本作『残火』は、誰もが一度は経験したことのある「夏の終わりの切なさ」と「儚(はかな)い恋の終わり」を、指先で揺れる小さな火種に重ねて描いたエモーショナルなシングルです。
祭りのあとの静けさ、夜風に混じる安い火薬の匂い、汗で張り付く浴衣。
「これが最後ね」と微笑む君の横顔を照らす最後の花火を見つめながら、「落ちないで」「行かないで」と心の中で叫び続ける主人公の葛藤が、まるで映像のように鮮明なリリックで綴られます。

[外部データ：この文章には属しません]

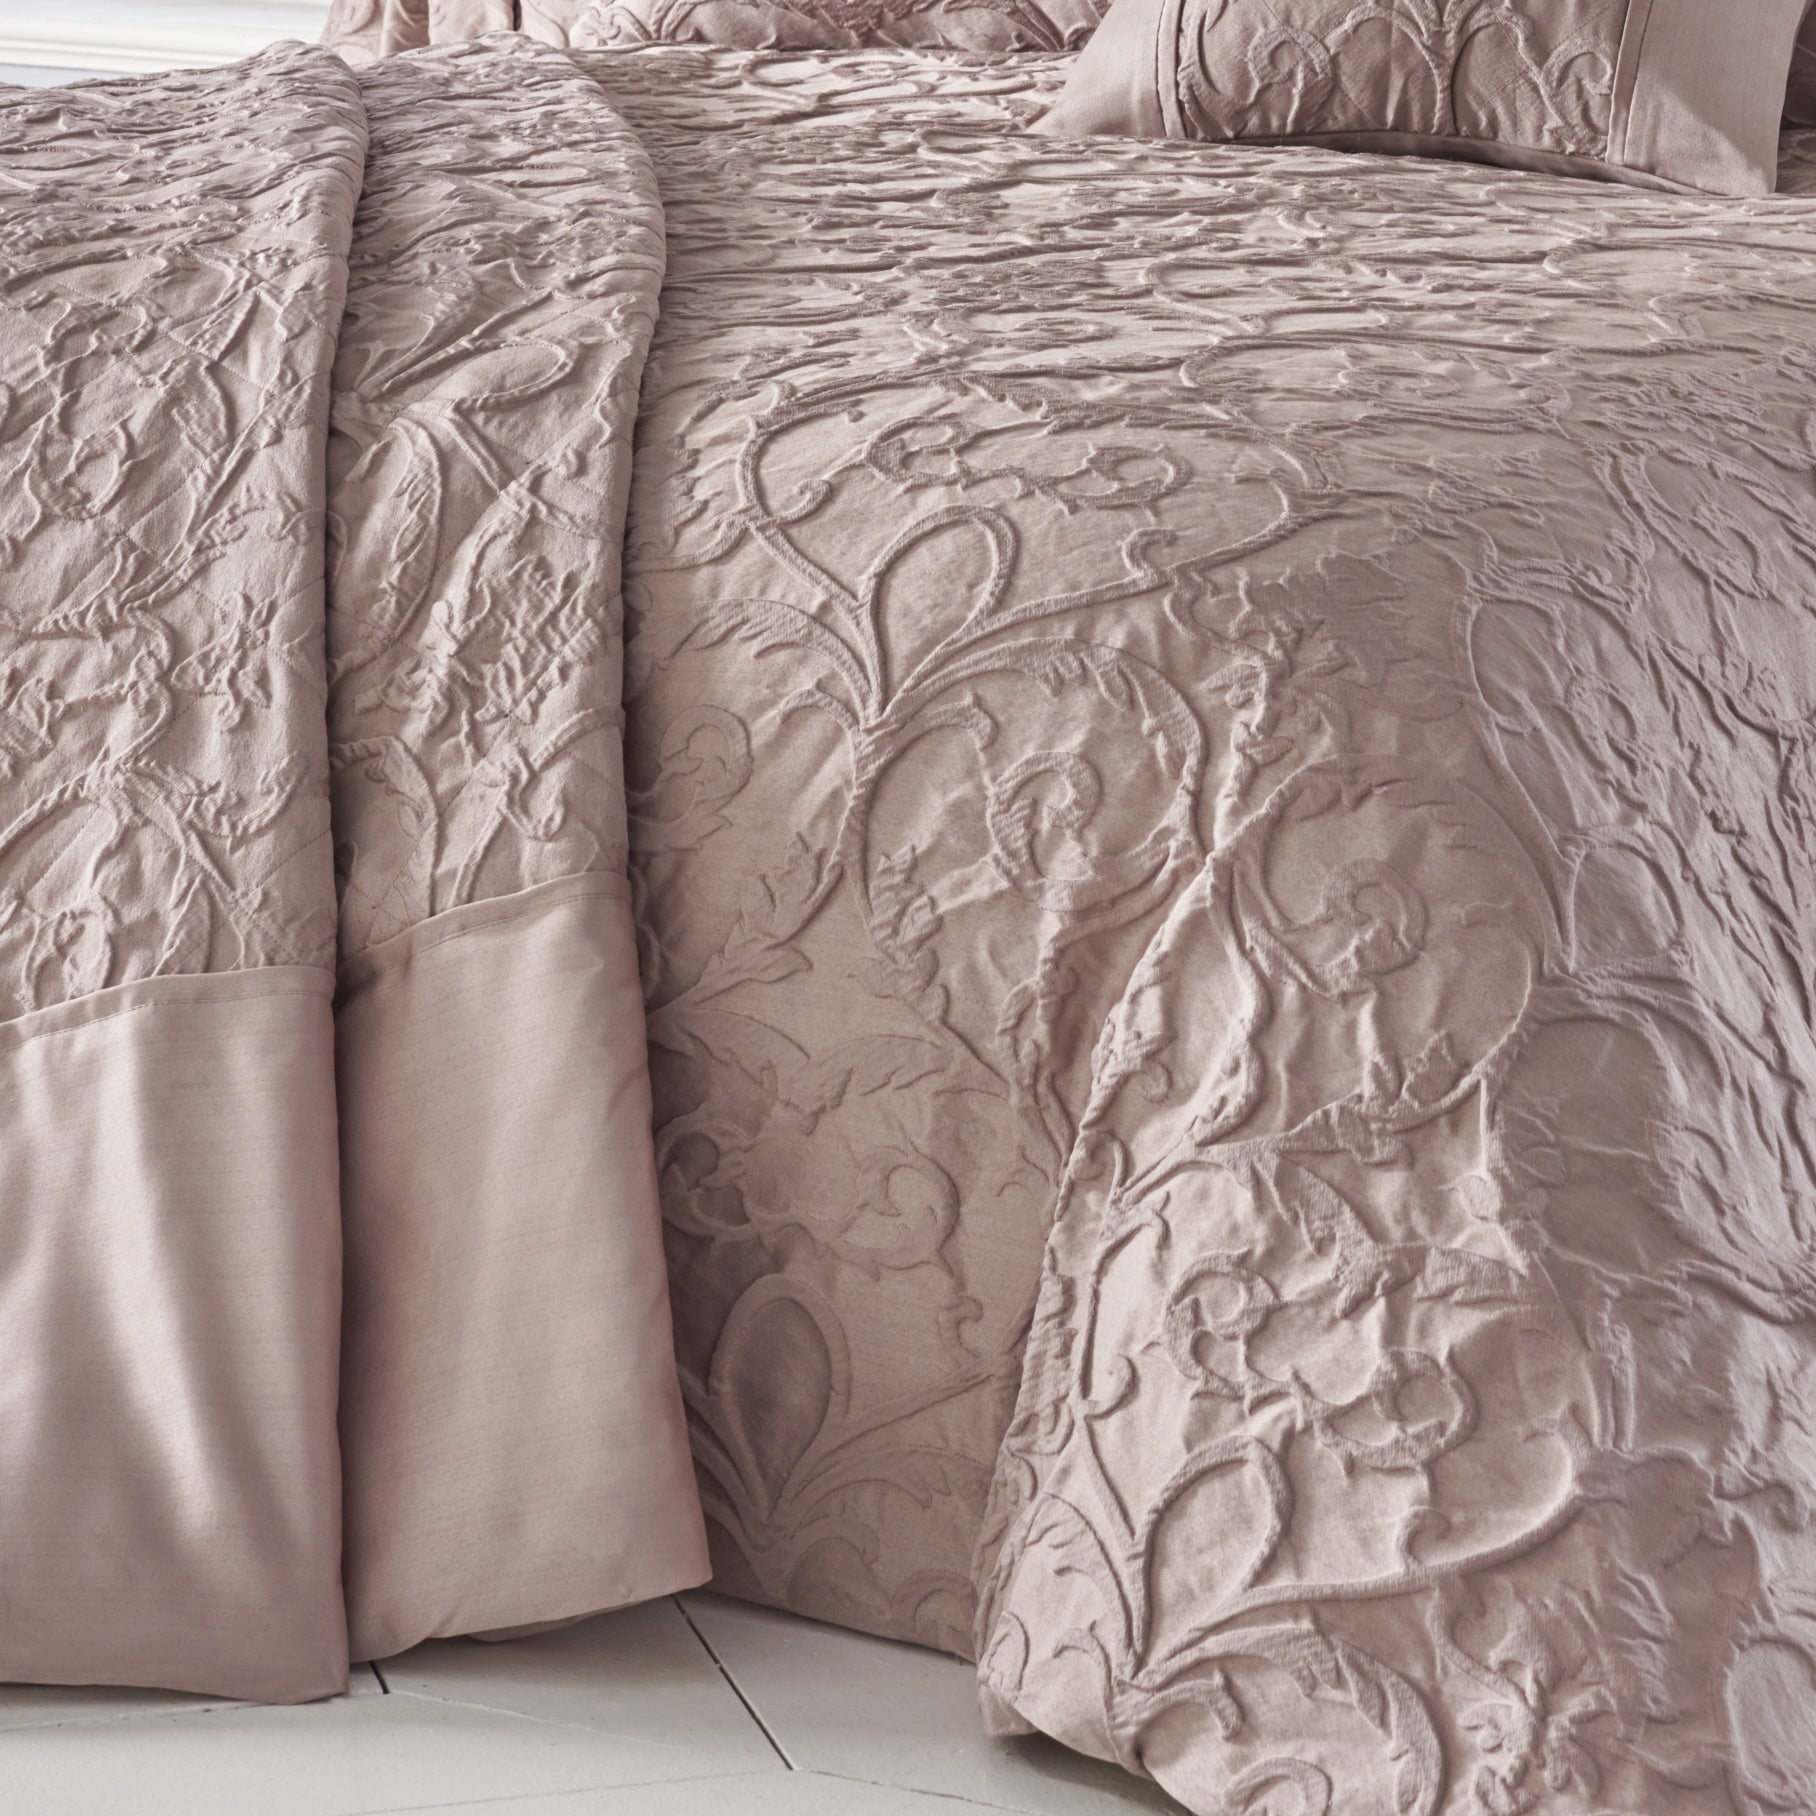 Blush Damask Jacquard Bedspread Throw Pillowshams Set Pink
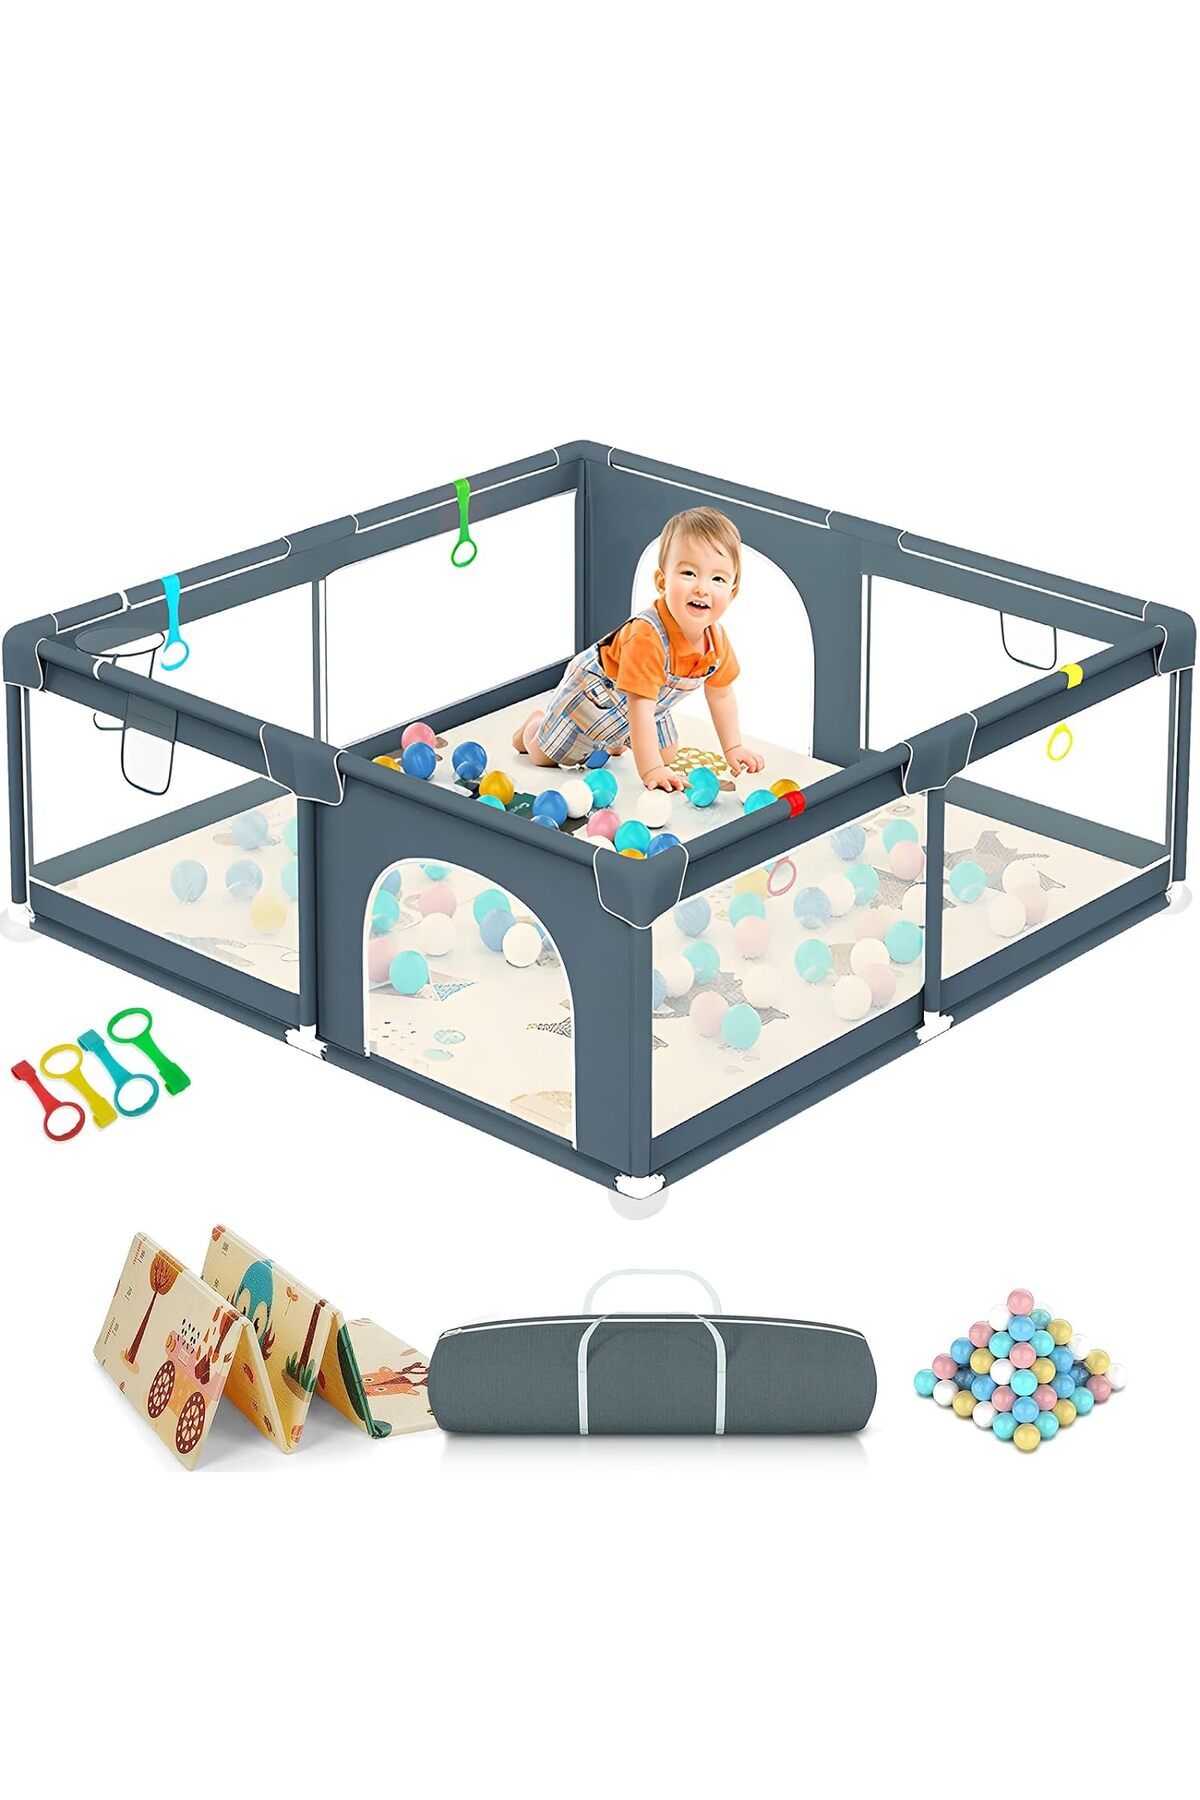 GOI store Yataklı Bebek Oyun Parkı: Güvenli, Dayanıklı ve Eğlenceli Oyun Alanı

過ぎ去りし夏の思い出に浸りたい夜や、胸の奥底にしまってある忘れられない恋を振り返りたい時に、そっと寄り添ってくれる一曲です。
Artist Profile
Almaria
「Alma(魂)」と「Aria(旋律)」を掛け合わせた「魂の旋律」を名に冠するバーチャルボーカルデュオ。美しくも残酷なダークファンタジーの世界から幾多の物語を歌い上げる。 決して交わらないはずの二つの命が、すれ違い、傷つきながらも不器用に響き合うエモーショナルなデュオボーカルが最大の特徴。圧倒的なコーラスワークと、確かな熱を帯びた詩(ことば)で紡がれる重厚なストーリーが、聴く者の胸の奥底に熱い火を灯す。